=== Source material ===
________________________________________

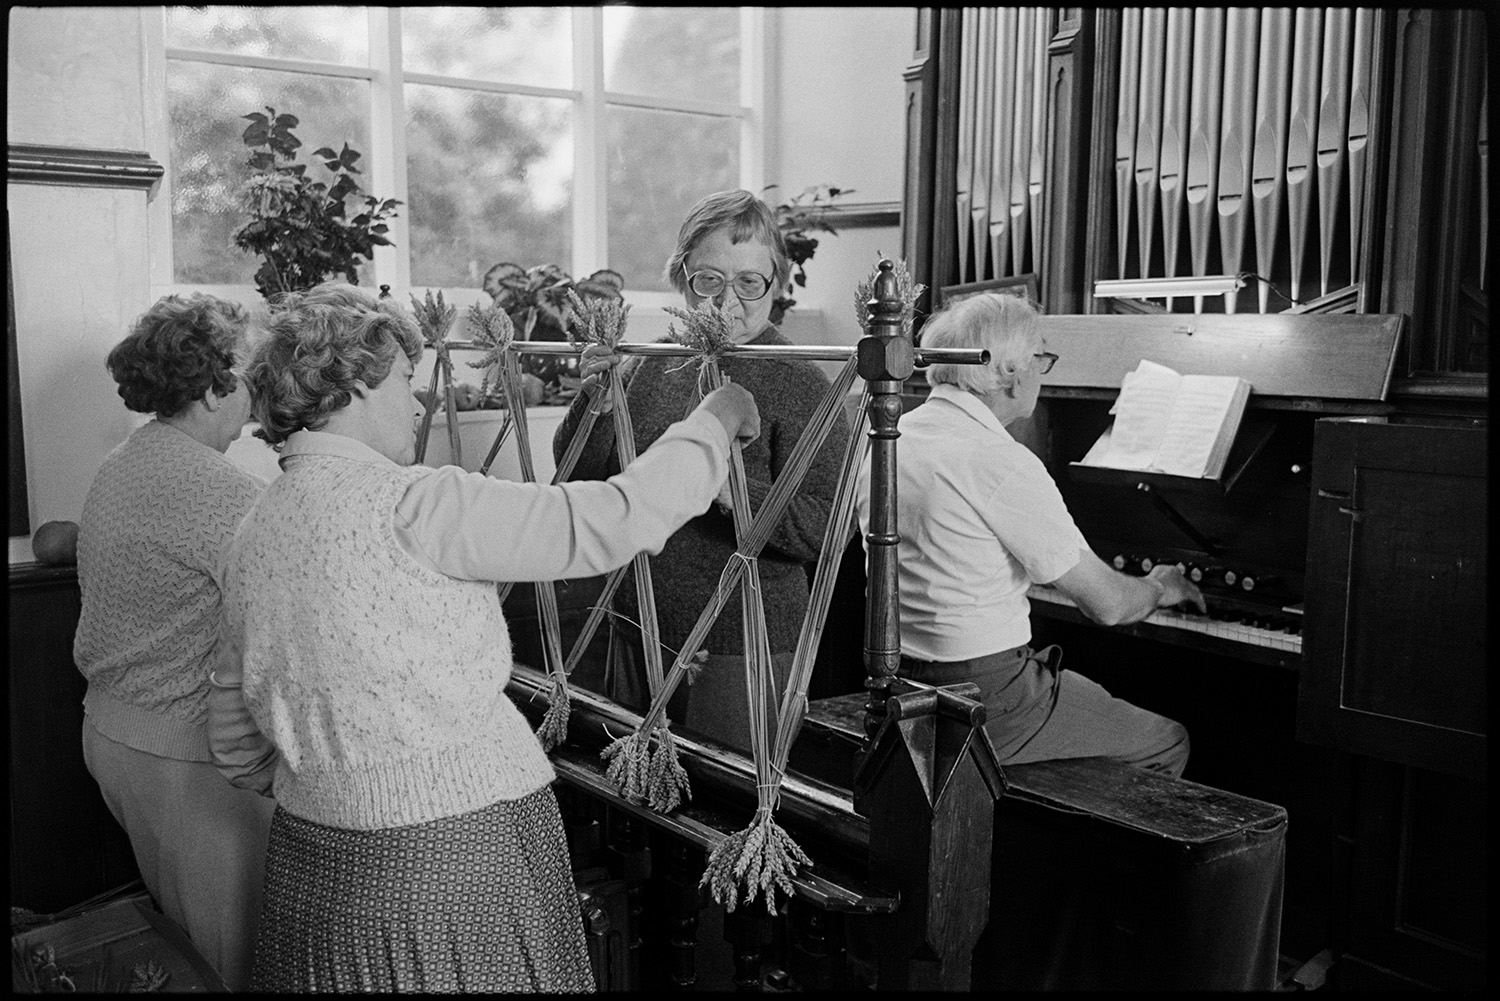 Congregational chapel interior, man playing organ to people decorating at Harvest Festival.
[A man playing the organ at Chulmleigh Congregational chapel while three woman decorate the chapel behind him for the Harvest Festival using tied reeds of wheat. The metal organ pipes are shown above the organ.]
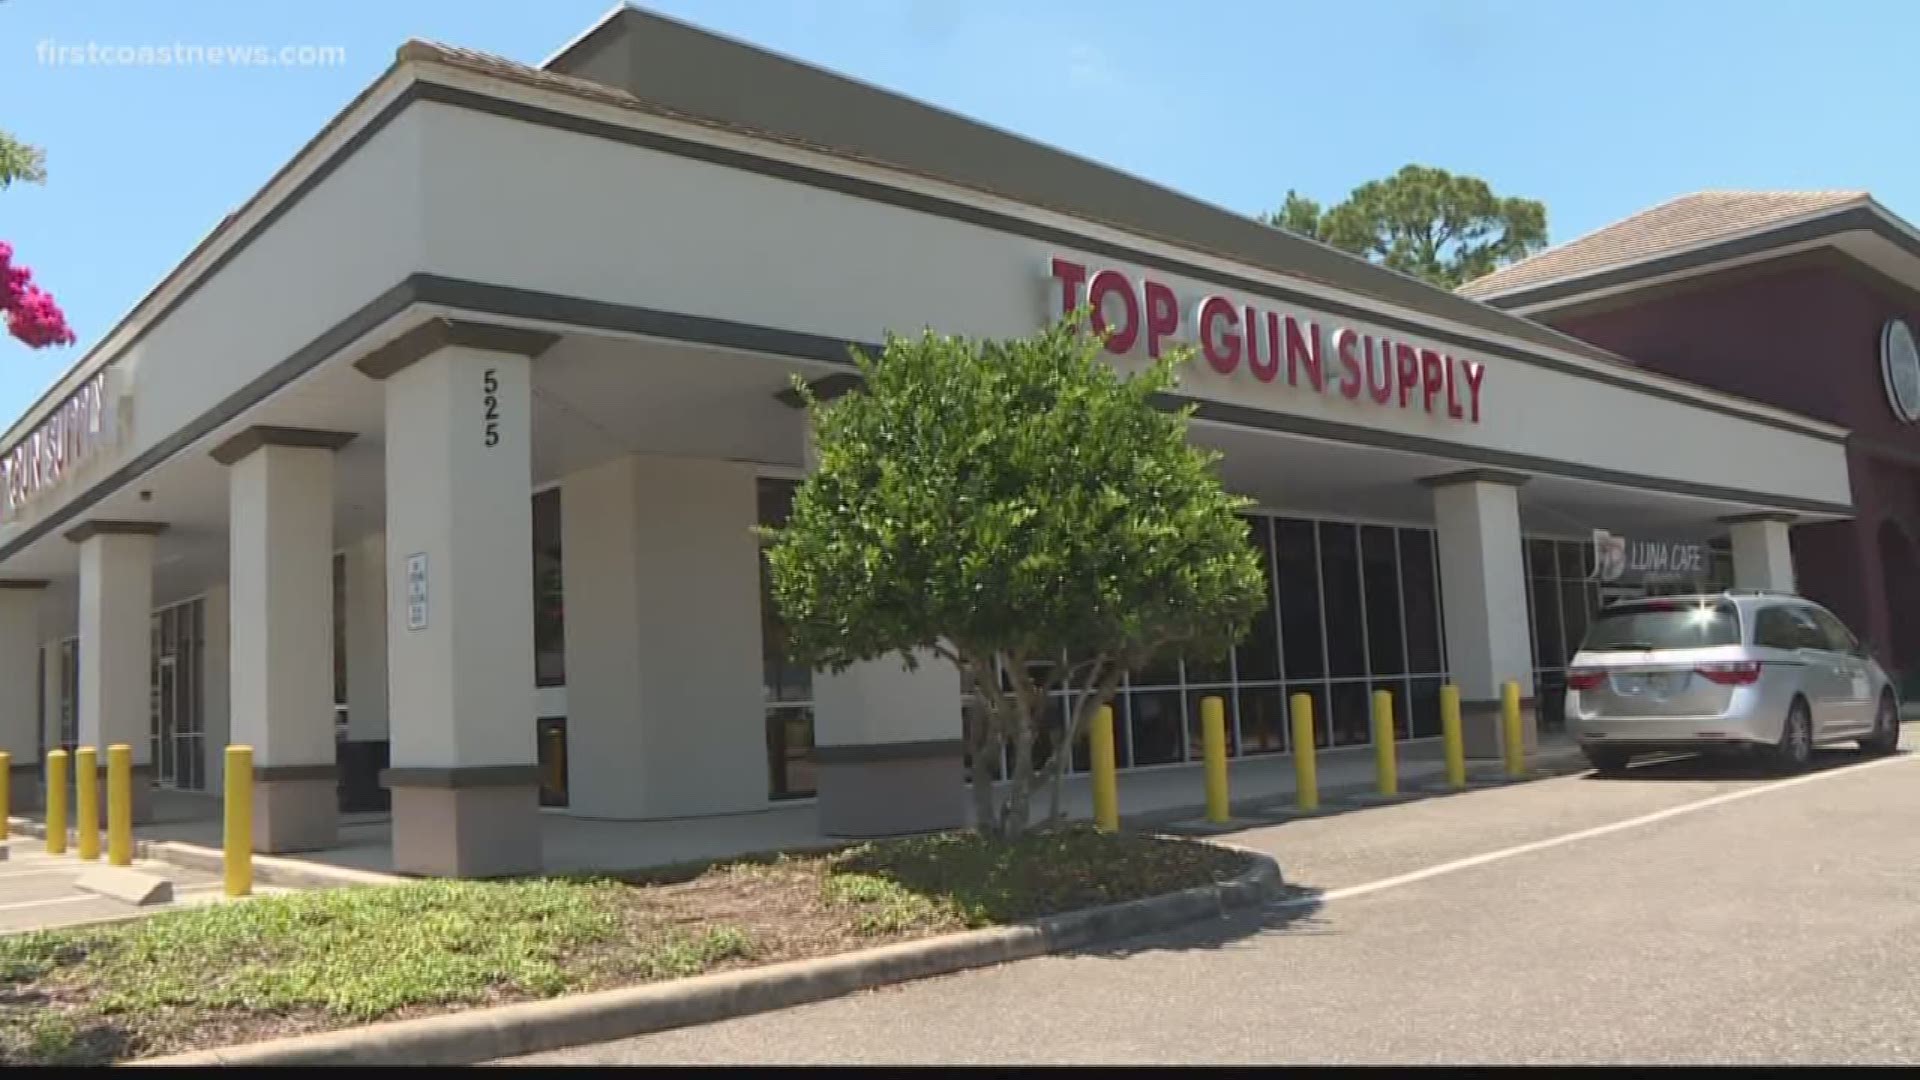 Ronald Salley Jr. fled on foot and threw an object, which turned out to be a stolen firearm from the gun store robbery, the sheriff's office said.

________________________________________

=== Required work ===
Once the pictures are set aside, give the rest of the listing again exactly.

=== Answer to the exercise ===
 Congregational chapel interior, man playing organ to people decorating at Harvest Festival.
[A man playing the organ at Chulmleigh Congregational chapel while three woman decorate the chapel behind him for the Harvest Festival using tied reeds of wheat. The metal organ pipes are shown above the organ.]
 Ronald Salley Jr. fled on foot and threw an object, which turned out to be a stolen firearm from the gun store robbery, the sheriff's office said.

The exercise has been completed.